Deadlock: If A waits for B and B waits for A, neither would ever finish.
- Solution in unix: you are only allowed to wait for your children
Security: Problem with snooping on arbitrary processes since we can specify whatever pid we want
Child exits before parent waits for it
- This is fixed by zombie processes:
  - Processes that have exited but are still around in the system
- Records exit status so the parent can still access the result
- Frees up most of the resources
- Zombies will stay in the system until the kernel determines that nobody will ever access it again
  Example of zombie processes:
  
  The following code creates a bunch of zombie processes.
```
// While we are able to fork
while((p = fork()) >= 0)
{
    if(!p) // If you are a child
        exit();
}
// Over quota
exit(); 
```
  Since the parent exits, all zombie children are adopted by process 1 (init), the main process created by the system.
  
  Somewhere in init.c:
```
// Reap the zombies 
while(waitpid(-1, …)) 
    continue;
```
  When given -1 as the pid, waitpid waits for ANY of its children to exit

Suppose date loops?

Problem:

// This would loop infinitely
while(waitpid(p, &status, 0) < 0) 
    continue;

One possible solution:

void donothing {}
...
// Give it 5 seconds to resolve, 
// otherwise continue into the code
signal(SIGALRM, donothing);
alarm(5); // sets an alarm for the parent process, wakes
          // up parent process and delivers a signal
if(waitpid(p, &status, 0) < 0 && errno == EINTR) 
{
    // alarm went off
    kill(p, SIGINT); 
    // sends a hint to child process to finish up
    waitpid(p, &status, 0);
}

If you’re in the middle of a system call and gets interrupted, it will resolve that process and then send a special error number EINTR, which we can then handle and choose what to do with it

If date.c has some way to counter kill with its own signal handler
```
void donothing {}
...
// In date.c
signal(SIGINT, donothing);
```
You can change kill(p, SIGINT) to
```
kill(p, SIGKILL);
```
If you send SIGKILL, there is no way to ignore or escape the kill signal, process will die

Data Structure for Processes: Process Table

How does this table work? When the kernel wants to resume some process, it uses a special machine instruction: reti (return from interrupt)

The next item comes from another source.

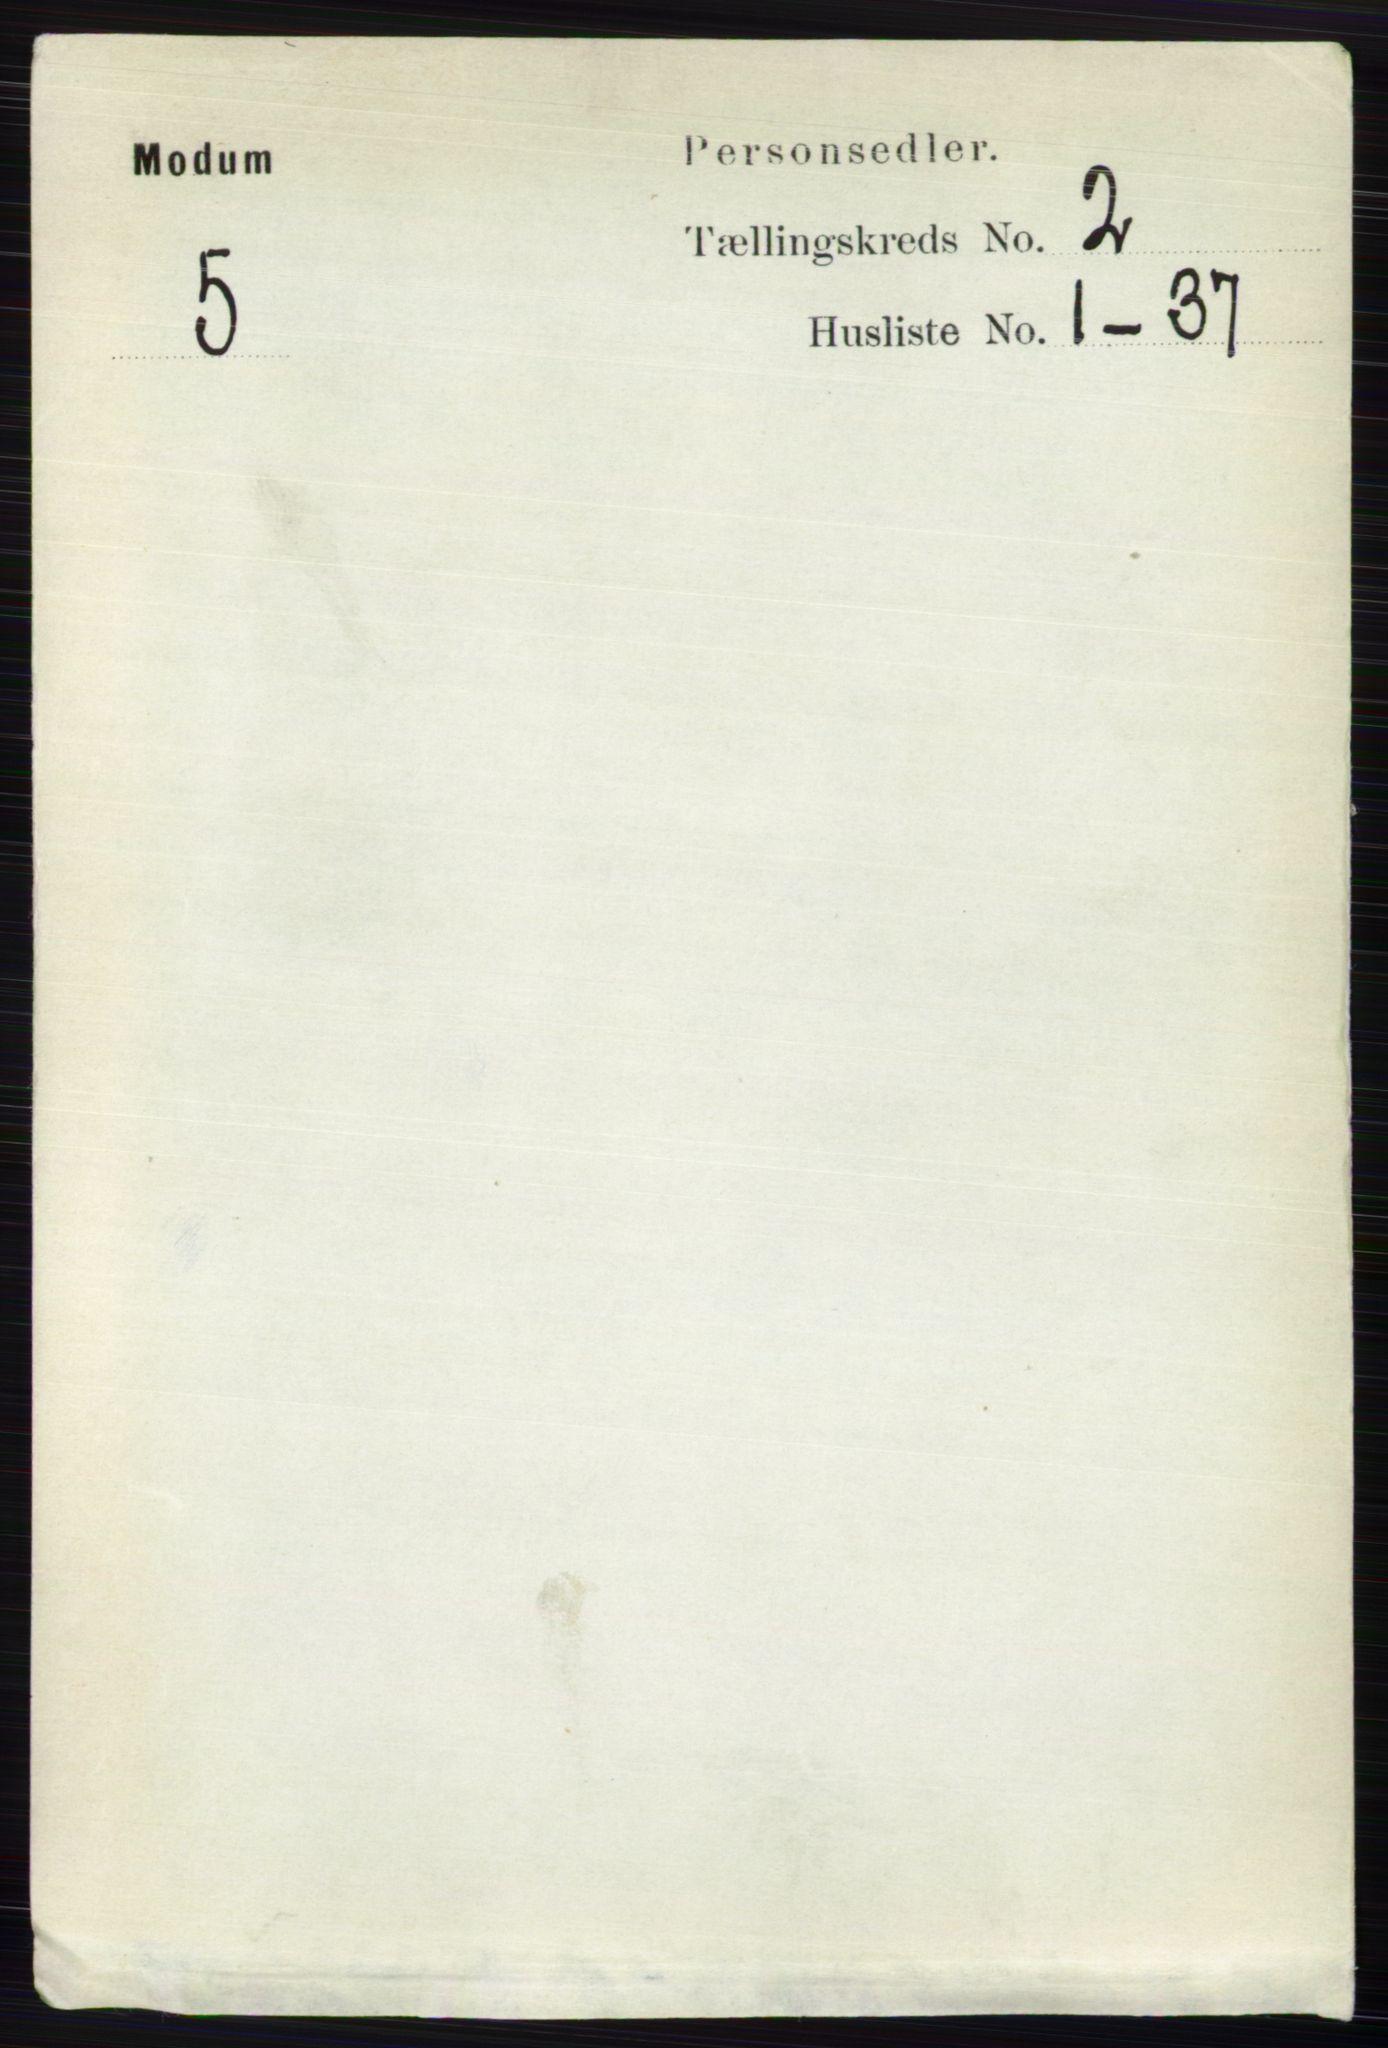 RA, Folketelling 1891 for 0623 Modum herred, 1891, s. 472
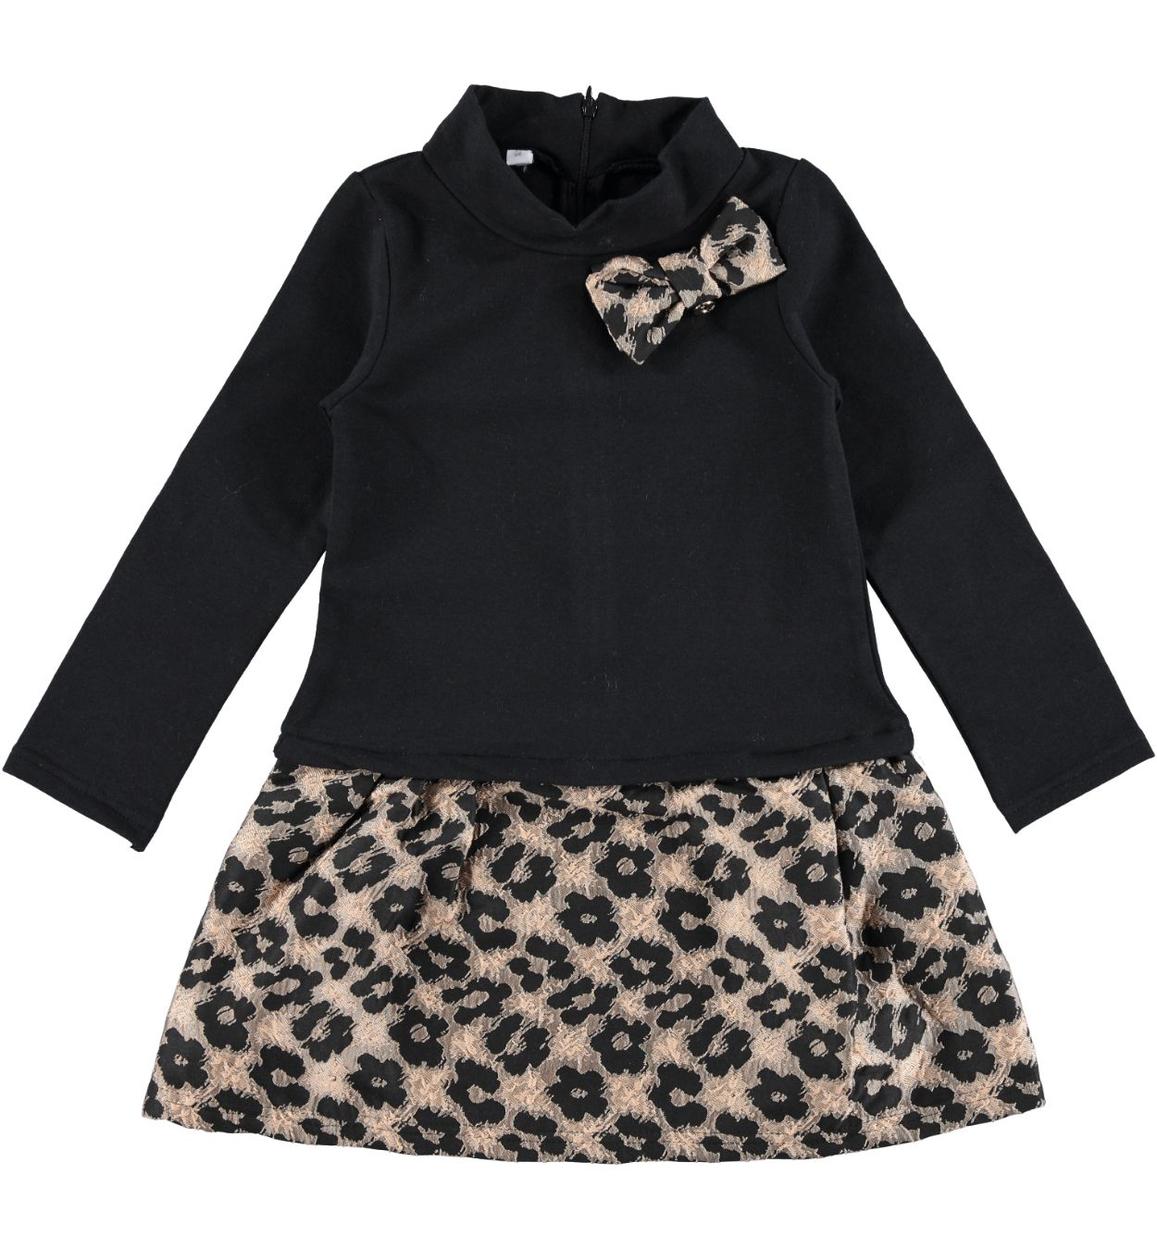 Vestito per bambina a manica lunga in felpa stretch garzata vestibilità da 3  a 16 anni iDO a5b79a45372

If we have ten processes on a single core machine, we have 10 filled rows in the process table. What if a process is currently running? Many of the entries in a currently running process are unknown because they are being updated as the process is running. The process table is an important part of how virtualization works.

Orthogonality: Files

The API for Files

int open(char const* filename, int flags, … )
- Returns file descriptor: a nonnegative integer
- The open function is a handle that creates a file descriptor
int close(int fd);
- You can close whatever file you want
- Returns -1 if the file doesn’t exist
- The process and file analogy - fork:exit :: open:close
int dup(int fd);
- Create another file descriptor that points at the same place
int dup2(int oldfd, int newfd);
- Copies oldfd into newfd

For security and virtualization reasons, every process has their own set of file descriptors, and nobody else can see your file descriptor list.

Does fork clone file descriptors? Yes! This is an example of how our ideal situation of orthogonality does not work entirely, since file descriptors and processes interact in the process table.